In my searching for answers, I seem to only be finding explanations that cover the existence of NULL
which is why the NOT IN
returns 0 results. However, my scenario is exactly the opposite. I'm getting my expected results with the NOT IN
and my NOT EXISTS
is giving me 0. And to clarify, I have no NULLs in my sub-query. Here is my query:
DECLARE @EndDate DATE= CAST(CONCAT(YEAR(GETDATE()), '-', MONTH(GETDATE()), '-01') AS DATE) --First day of this month
DECLARE @StartDate DATE= DATEADD(month, -12, @EndDate) --12 months prior
SELECT Deactivated = COUNT(DISTINCT o.ClinicLocationId)
FROM [order].package p WITH(NOLOCK)
INNER JOIN [order].[order] o WITH(NOLOCK) ON o.packageid = p.packageid
INNER JOIN profile.ClinicLocationInfo cli WITH(NOLOCK) ON cli.LocationId = o.ClinicLocationId
AND cli.FacilityType IN('CLINIC', 'HOSPITAL')
WHERE CAST(p.ShipDTM AS DATE) >= dateadd(month,-1,@StartDate)
AND CAST(p.ShipDTM AS DATE) < dateadd(month,-1,@EndDate)
AND p.isshipped = 1
AND o.IsShipped = 1
AND ISNULL(o.iscanceled, 0) = 0
and not exists (
--and o.ClinicLocationId not in (
SELECT DISTINCT o.ClinicLocationId
FROM [order].package p WITH(NOLOCK)
INNER JOIN [order].[order] o WITH(NOLOCK) ON o.packageid = p.packageid
INNER JOIN profile.ClinicLocationInfo cli WITH(NOLOCK) ON cli.LocationId = o.ClinicLocationId
AND cli.FacilityType IN('CLINIC', 'HOSPITAL')
WHERE CAST(p.ShipDTM AS DATE) >= @StartDate
AND CAST(p.ShipDTM AS DATE) < dateadd(day,-1,@EndDate)
AND p.isshipped = 1
AND o.IsShipped = 1
AND ISNULL(o.iscanceled, 0) = 0
)
For a high level overview, I'm basically trying to find the number of ID's that exist in one set that don't in the next (separated by a 12 month rolling window, offset by 1 month). But for the sake of simplicity, I've written the below that very simply illustrates the exact same symptom:
drop table if exists #T1, #T2
create table #T1 (id int)
create table #T2 (id int)
insert into #T1 (id)
values
(3),
(8)
insert into #T2 (id)
values
(671),
(171)
select id from #T1 where id not in (select id from #T2)
select id from #T1 where not exists (select id from #T2)

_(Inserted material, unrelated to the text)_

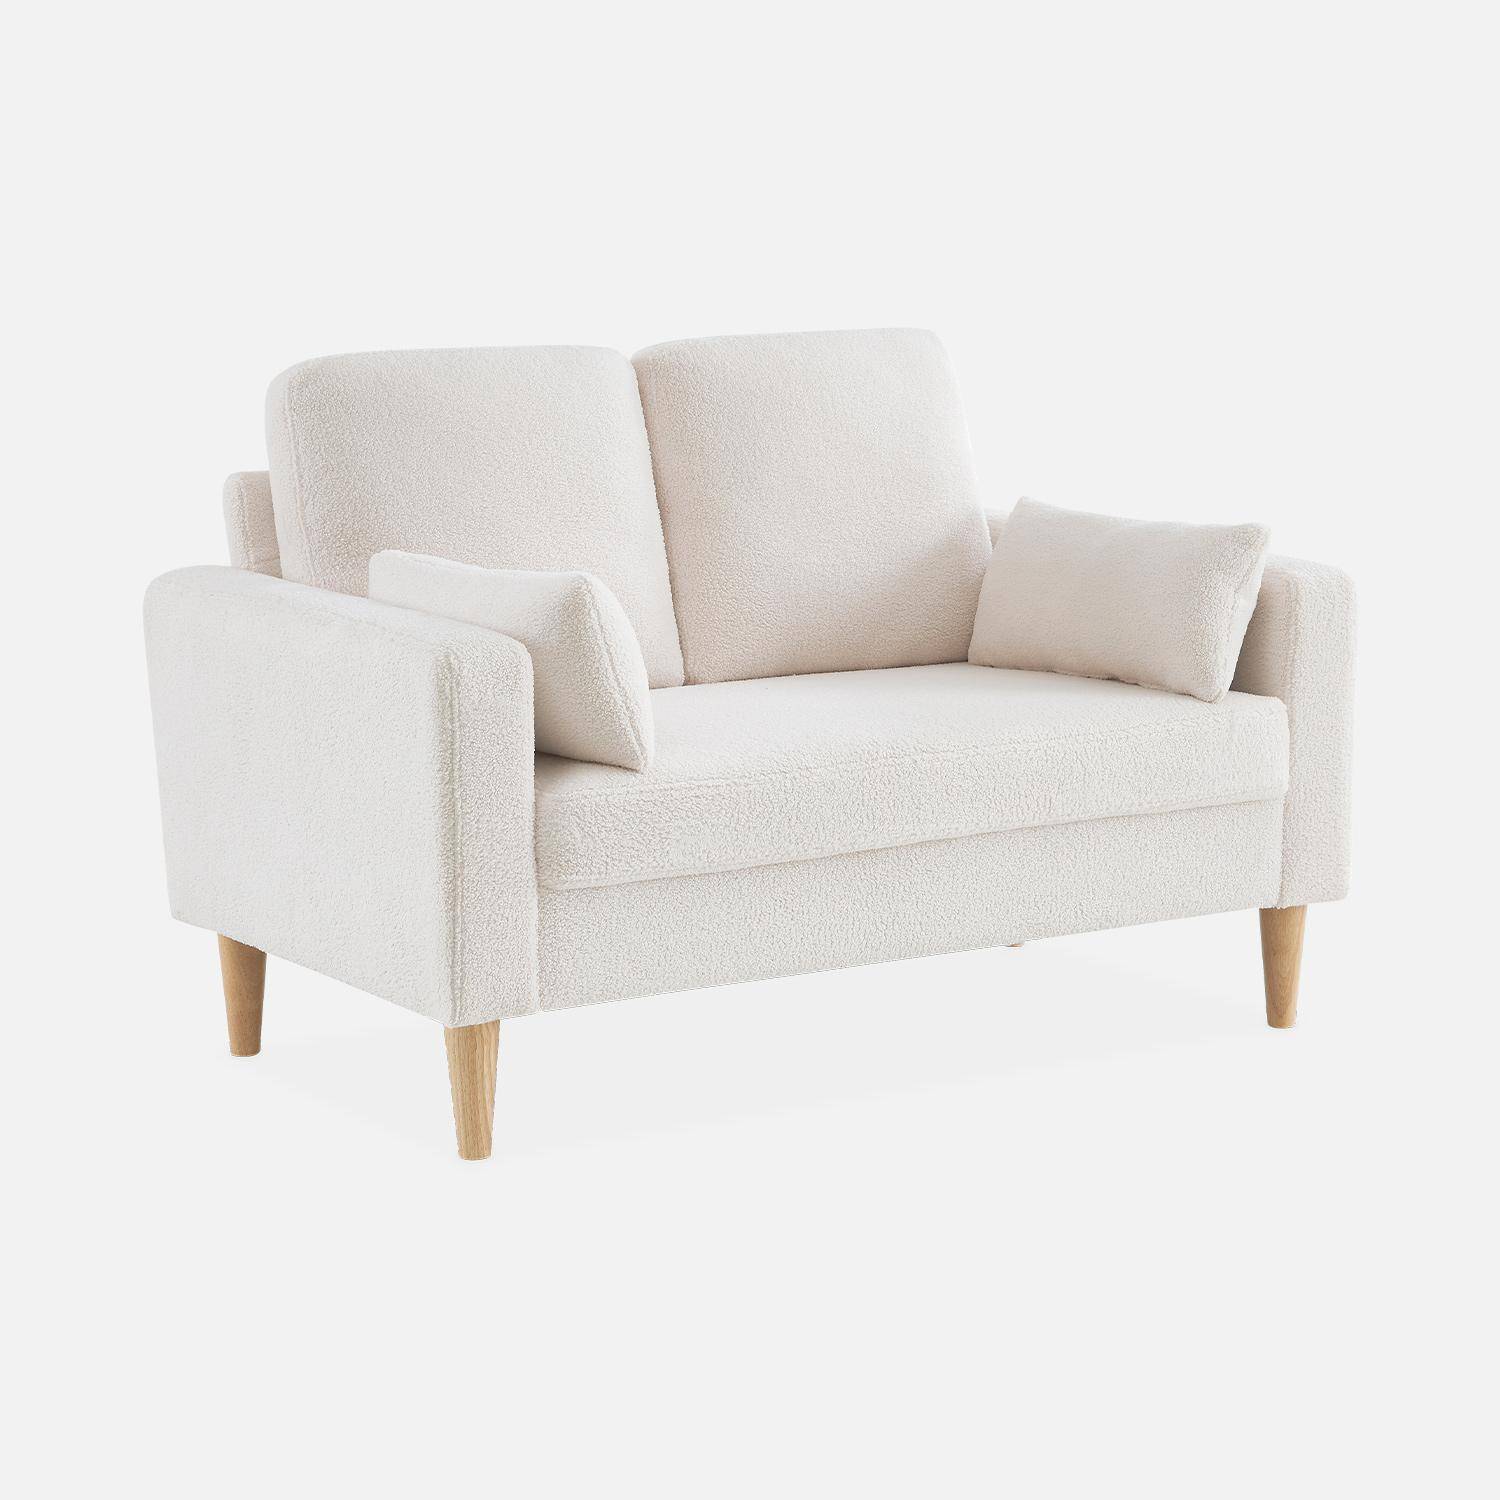 Sofá con rizos blancos, sofá recto de 2 plazas con patas de madera, estilo escandinavo   Photo3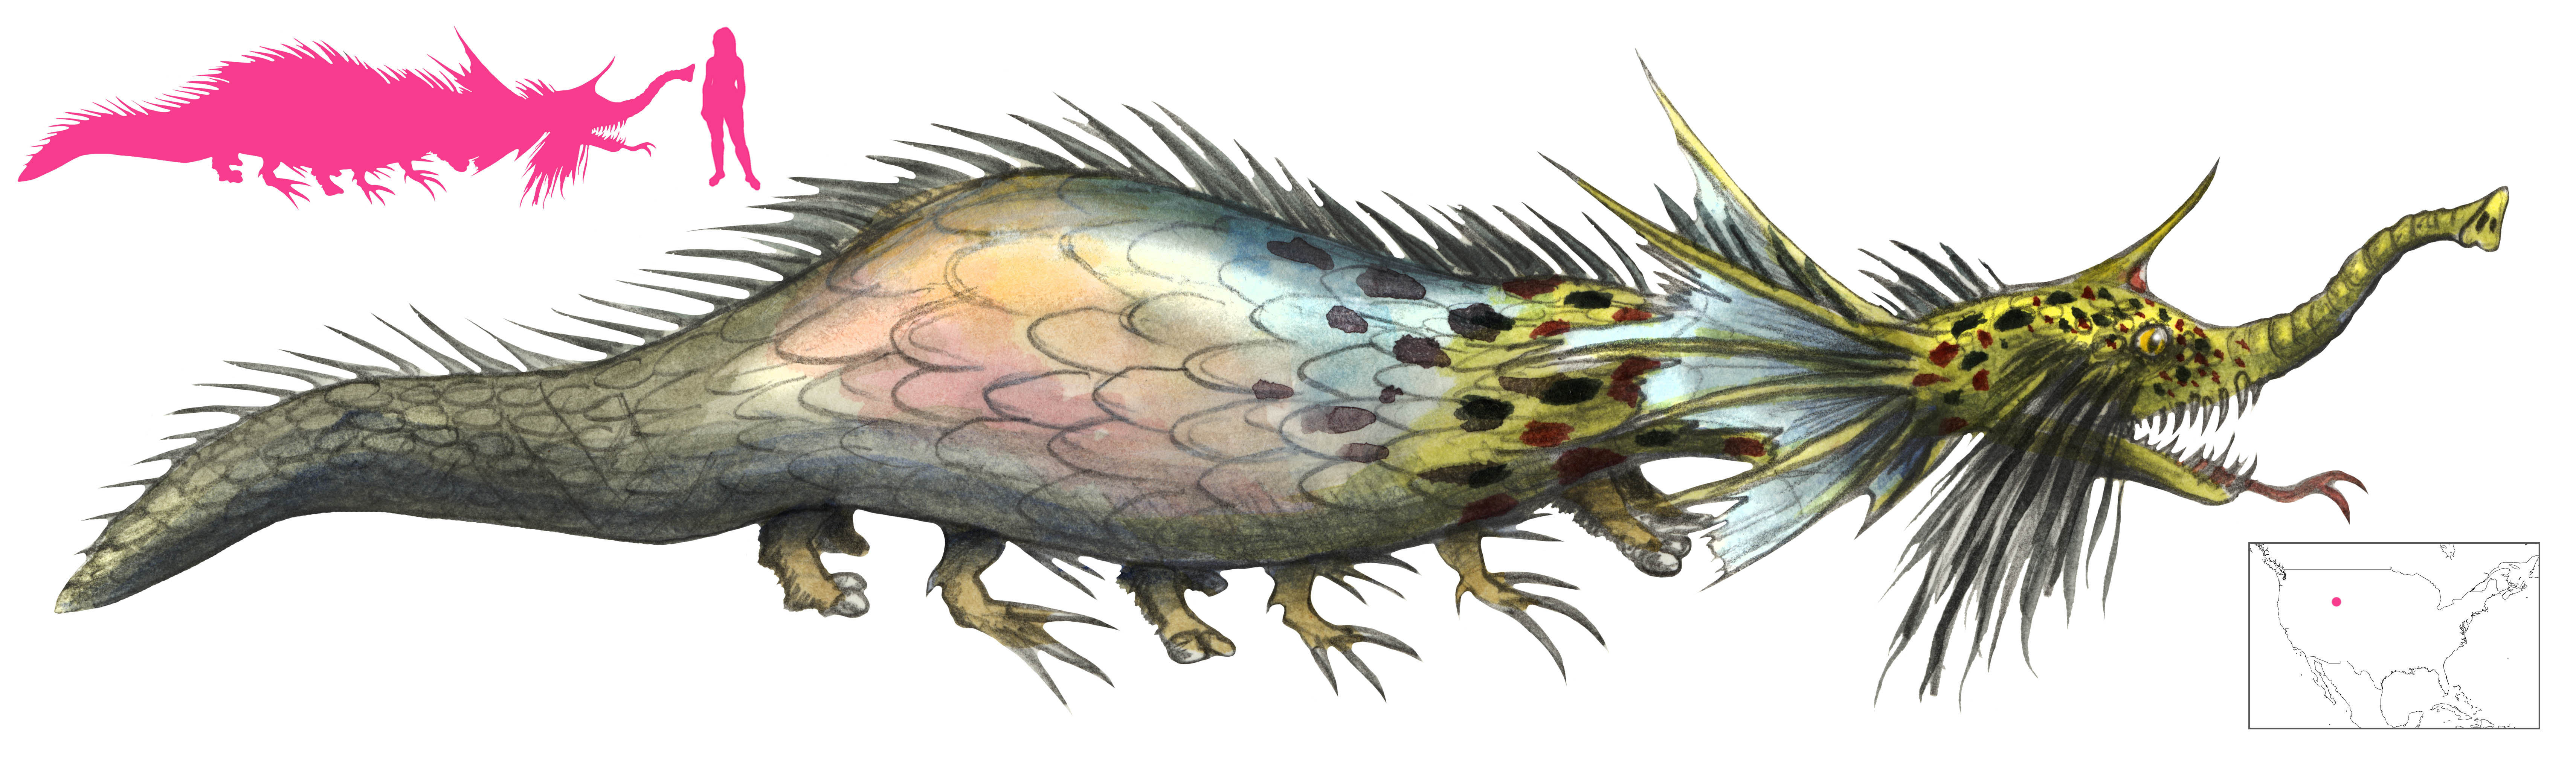 Creatures of sonaria monster kaiju animal. Ankylosaurus sonaria. Eulopii на пальце creature of sonaria. Картинки существ sonaria.

My expectation is that both of these would yield the same results, the contents of #T1
(3,8) but instead, I only get those results in the second query by eliminating the NOT
. I would assume I'm suffering from a fundamental misunderstanding of how the EXISTS
operator works, as up until now I assumed there was no real difference aside from how the scanning occurred and NULL handling.
Where am I going wrong with my expectation?
The query shape...
and o.ClinicLocationId not in (SELECT o.ClinicLocationId ...)
...correlates o.ClinicLocationId
to o.ClinicLocationId
in the subquery.
When using exists
you have to write a correlated subquery to get the same effect:
and not exists (SELECT o1.ClinicLocationId ...
AND o1.ClinicLocationId = o.ClinicLocationId)
Note that the second query requires a different alias in the subquery.